Wednesday, February 7, 2007

The Real Interpreter of Maladies

After using the title of the book in an earlier post, I decided I should actually sit down and read Interpreter of Maladies.

For the most part, it's a lovely book. I like the way that Jhumpa Lahiri mixes the stories of recent Indian immigrants with descriptions of life in India.

She's obsessed with food and crumbs getting stuck in the corner of people's mouths. Seriously, it's an image that is used multiple times and in multiple stories. Just like Gabriel Garcia Marquez is obsessed with men's urine streams. I swear... I've never once in my life thought "Wow, that man's urine stream is strong as a colt," and yet Mr. Marquez has used the image in multiple books. (I'm reading Love in the Time of Cholera right now. Expect more on that later.)

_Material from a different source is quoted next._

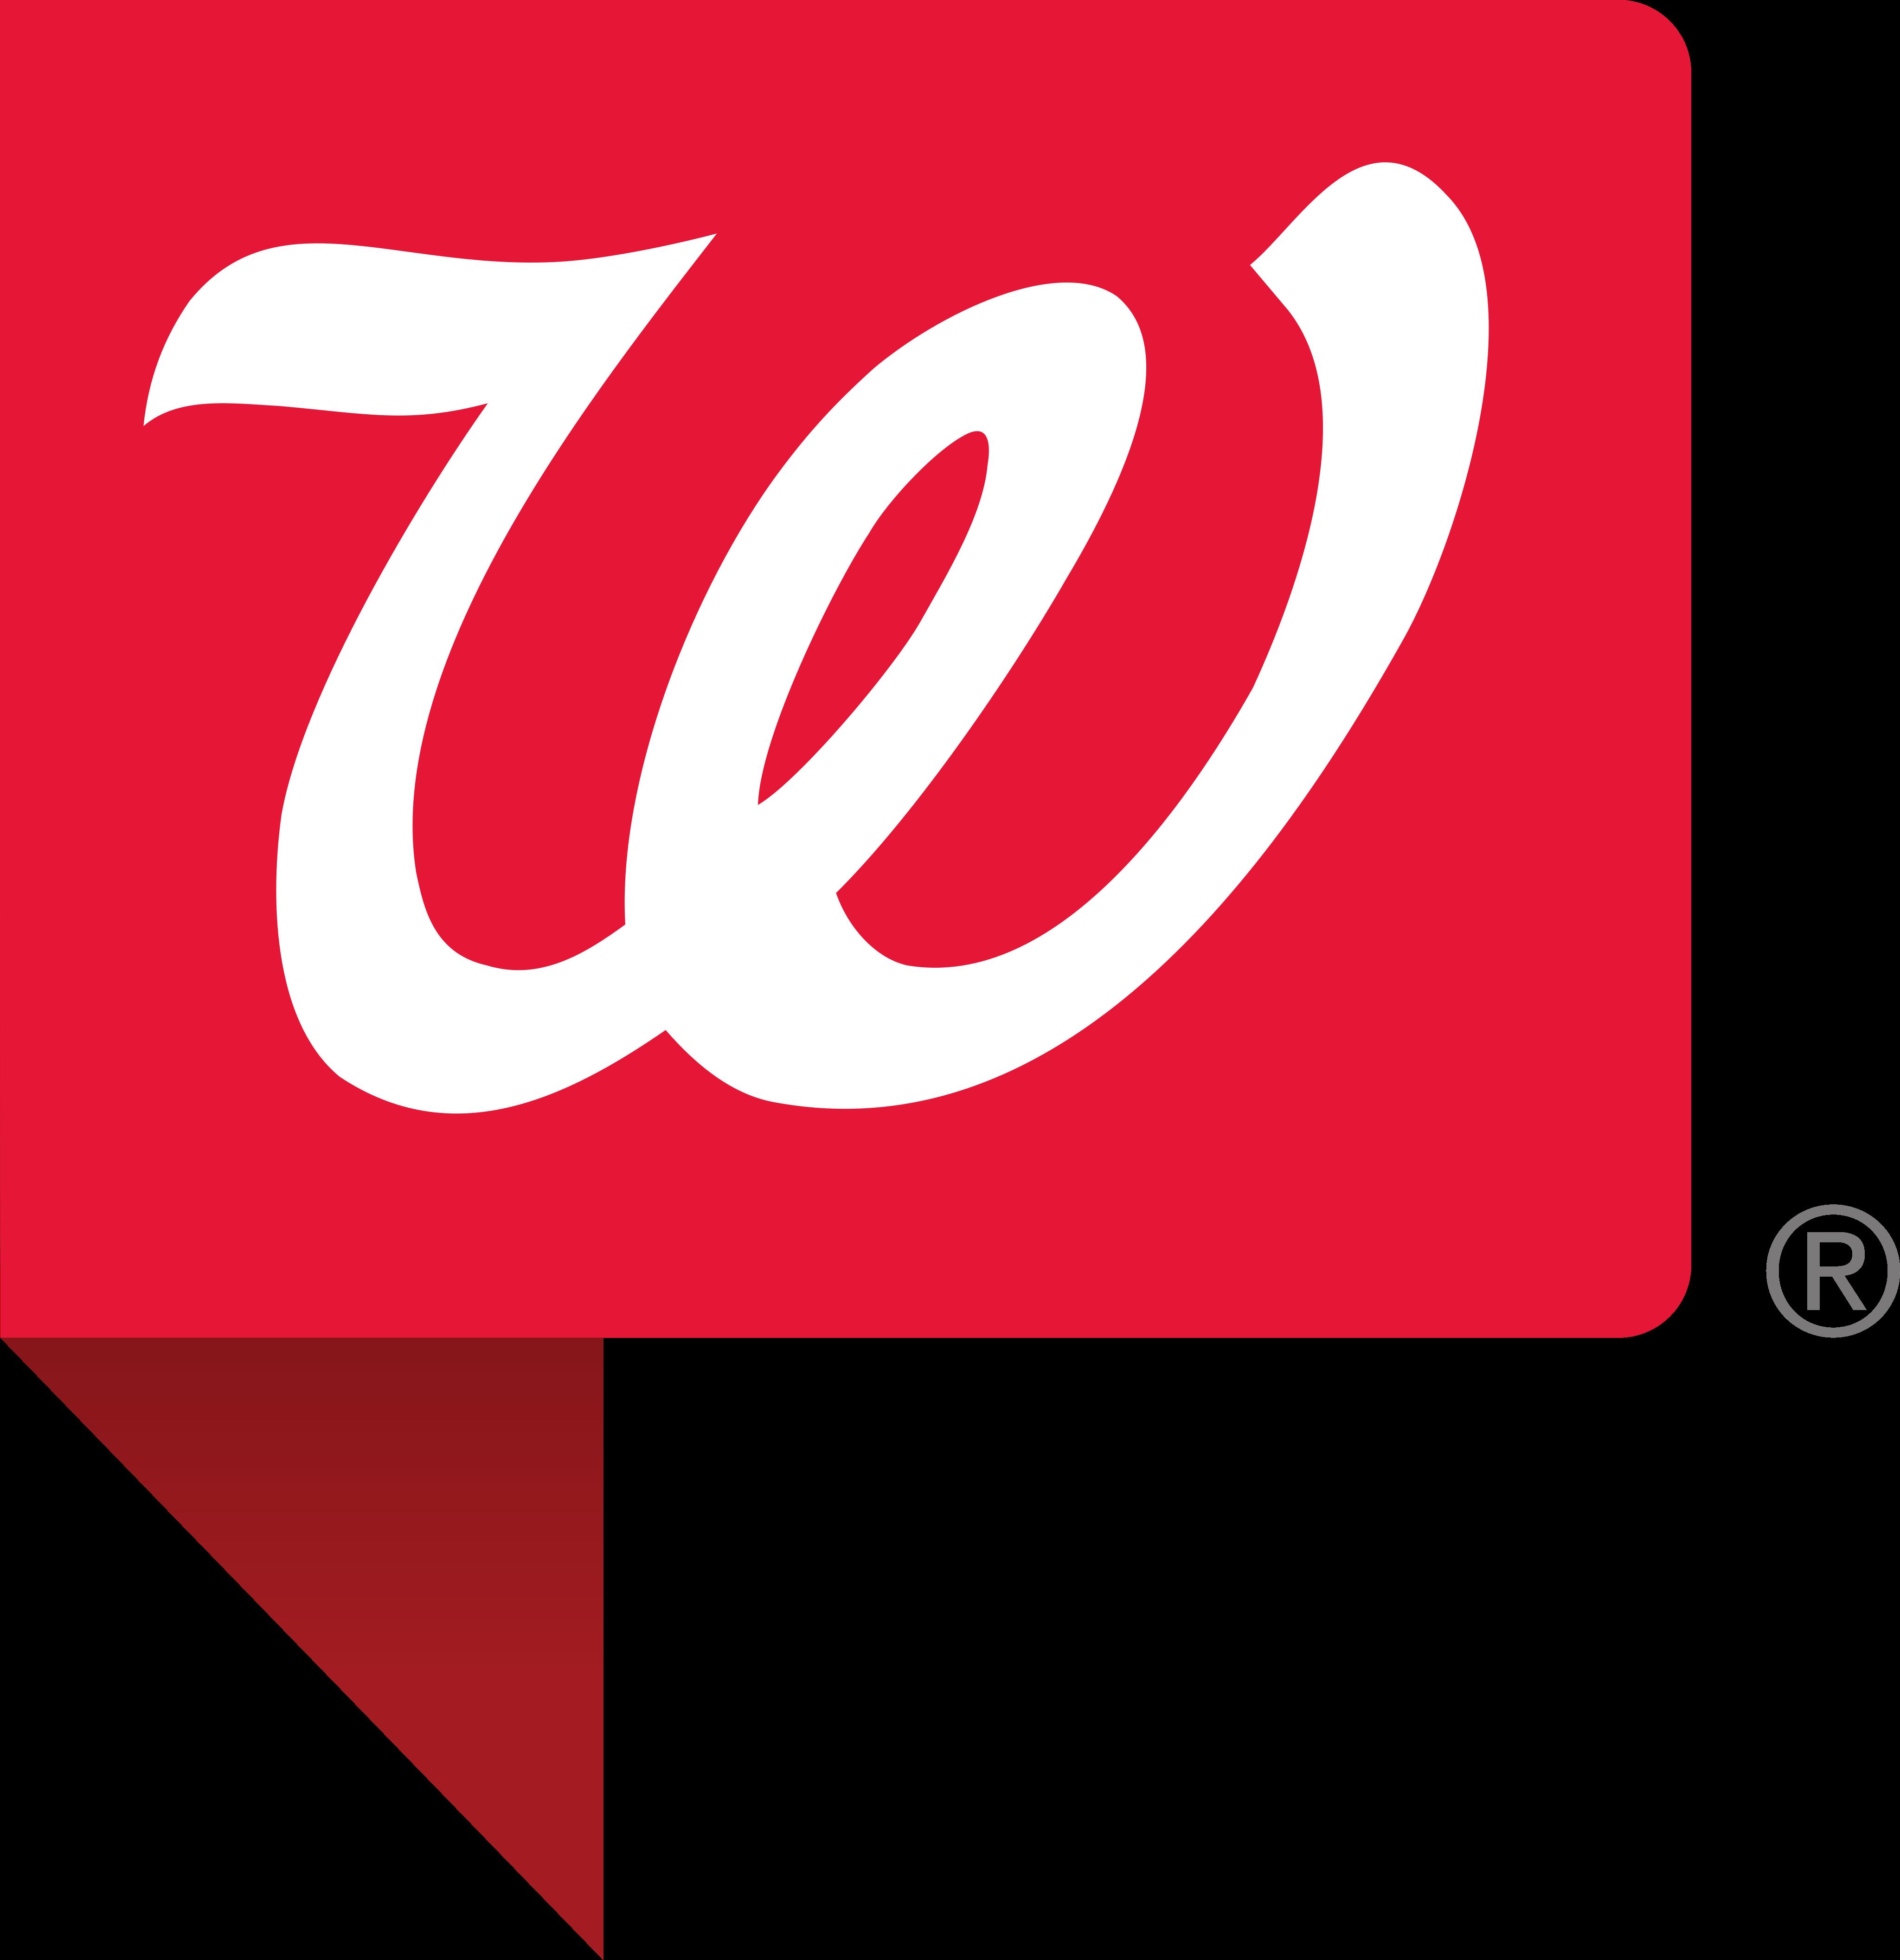 walgreens logo 1 - Walgreens Logo

I liked Ms. Lahiri's novel The Namesake better, although it stalls towards the end too.

2 comments:

Anonymous said...

That was one of those books that I thought I remembered enjoying, but then couldn't remember if I'd actually read it or not. It's probably better than my feeble brain gives it credit for, though. And the movie based on The Namesake looks really good, so I do want to try to read that before seeing it.

Kathryn said...

I absolutely want to see the Namesake, but I can't get over thinking of Kal Penn as Kumar in Harold and Kumar Go to White Castle.

I still want to see it though. I actually think that it will present better as a film than as a book. The stagnation at the end shouldn't be as noticeable with all the character development in the beginning.